The strategy worked – for a while. As long as the party and then the country followed Cameron on his initiatives around climate change, social policy or gay marriage, there just was not enough time to also hold a big debate on Europe.

That Cameron eventually promised the ‘In or Out?’ referendum had nothing to do with him wishing to resolve the European question once and for all. It was a political response to the rise of UKIP, the populist Eurosceptical party.

But even in promising the referendum, Cameron still tried to dig an escape route. He said in 2013 he would hold the referendum only if he won the 2015 election, which given the Conservatives’ polling back then not even Cameron expected to win. Besides, he knew that a repeat of the coalition with the pro-EU Liberal Democrats would provide enough cover for ditching the referendum idea after the election.
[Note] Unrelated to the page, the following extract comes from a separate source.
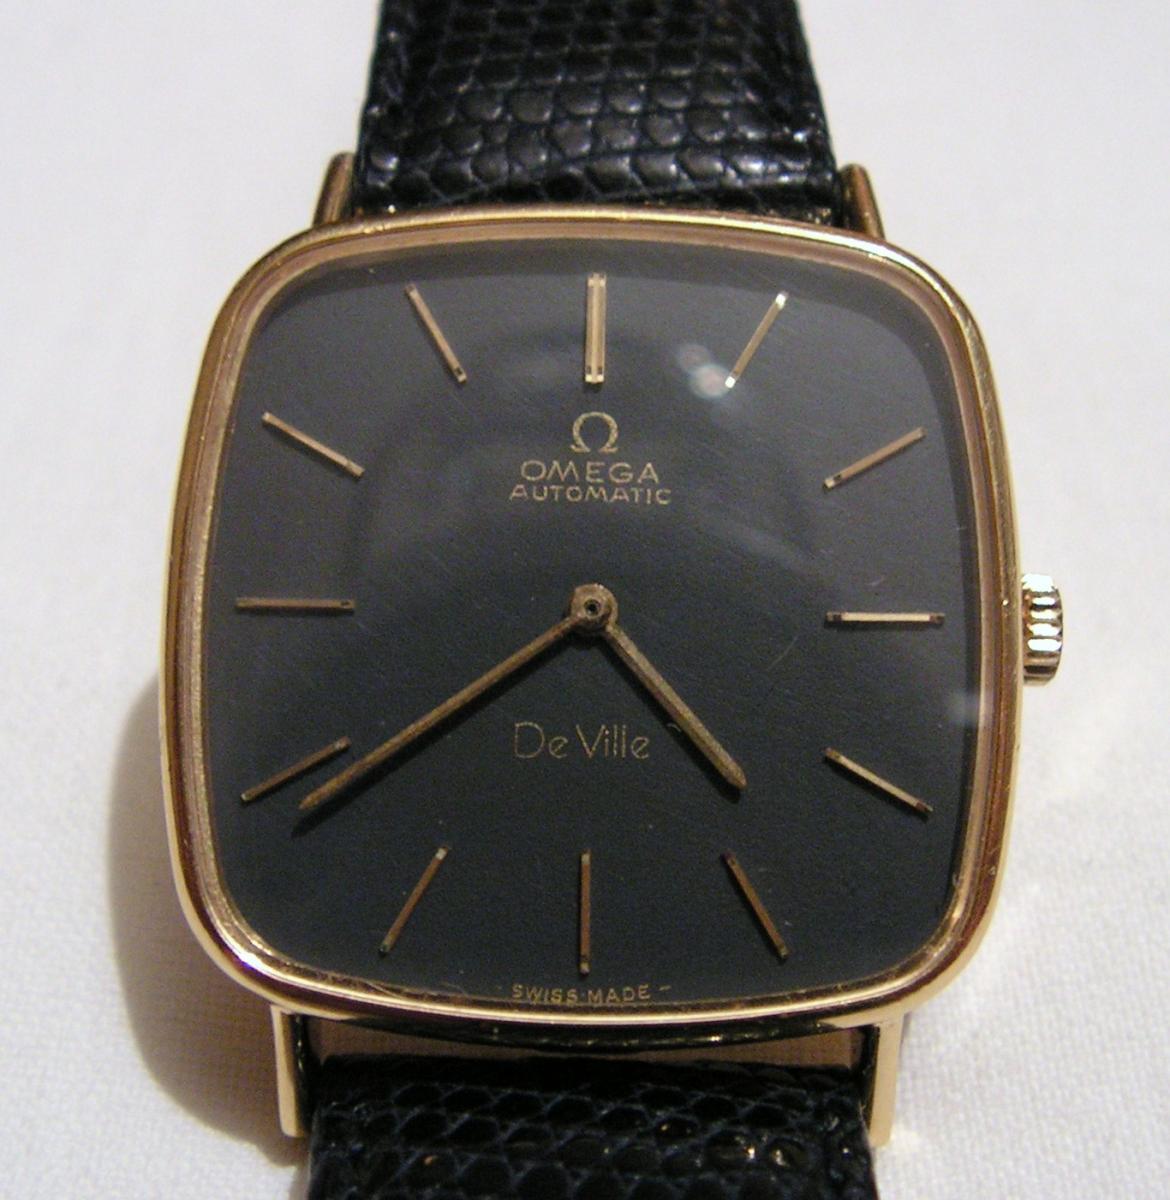 Omega De Ville Automatic Gold 18kt 750/000 Vintage Men's Watch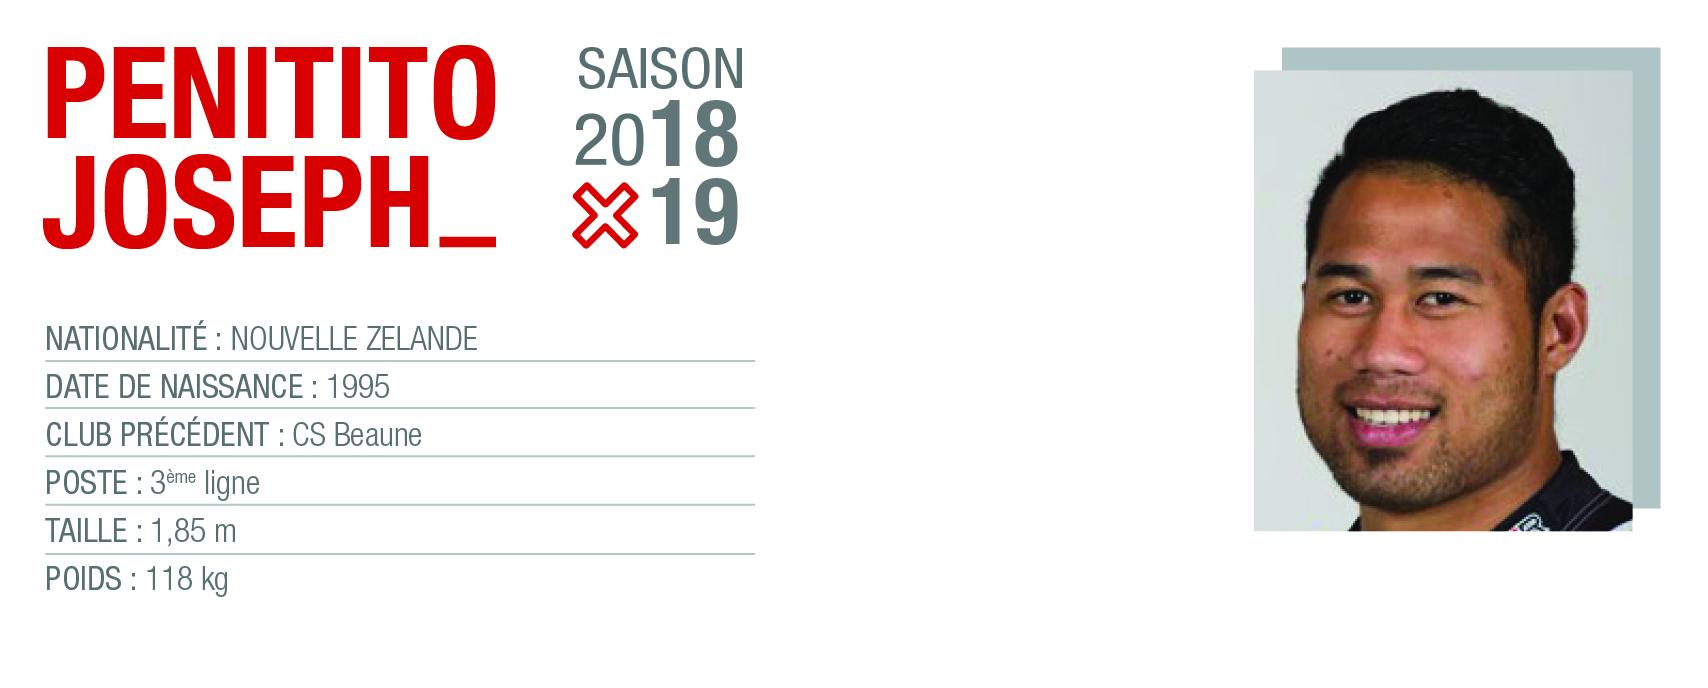 SAISON 2018 - 2019 - Page 2 5b2392f2c8879b258a11967b

Unfortunately for Cameron, he won an absolute majority in the 2015 general election – and was honour bound to deliver the referendum. It also meant he had to campaign against his own Eurosceptic instincts, all the while presiding over a party still deeply divided on Europe.

In hindsight, Cameron’s assessment that Europe was an issue too toxic to touch has proven right. His treatment of it as the Tory version of Pandora’s Box may have been cowardly but it was his only way he could lead the party for more than a decade.

Following the Brexit referendum, it was no longer possible to avoid the hard questions Cameron had so successfully ignored for so long.

His successor Theresa May should have tried having a debate between the various factions of her party (and the opposition). However, she turned out even less able than Cameron to properly talk about Europe. Her people skills are no match for Cameron’s.

It almost sounds as if Cameron now regrets never having tried to reconcile his party (let alone the country) on Europe. He postponed and avoided the issue, and that is one of the main reasons for Britain’s existential crisis now.

Maybe it is somewhat rich for Cameron to come out of political retirement and talk about building bridges between the warring parts of the Conservatives when he never did that as leader and Prime Minister.

However, that does not mean Cameron is wrong. The only sensible way out of the Brexit mess is to seek compromise across diametrically opposed groups.

Incidentally, if that is the case, then almost anyone is better suited to close Pandora’s Box than Theresa May.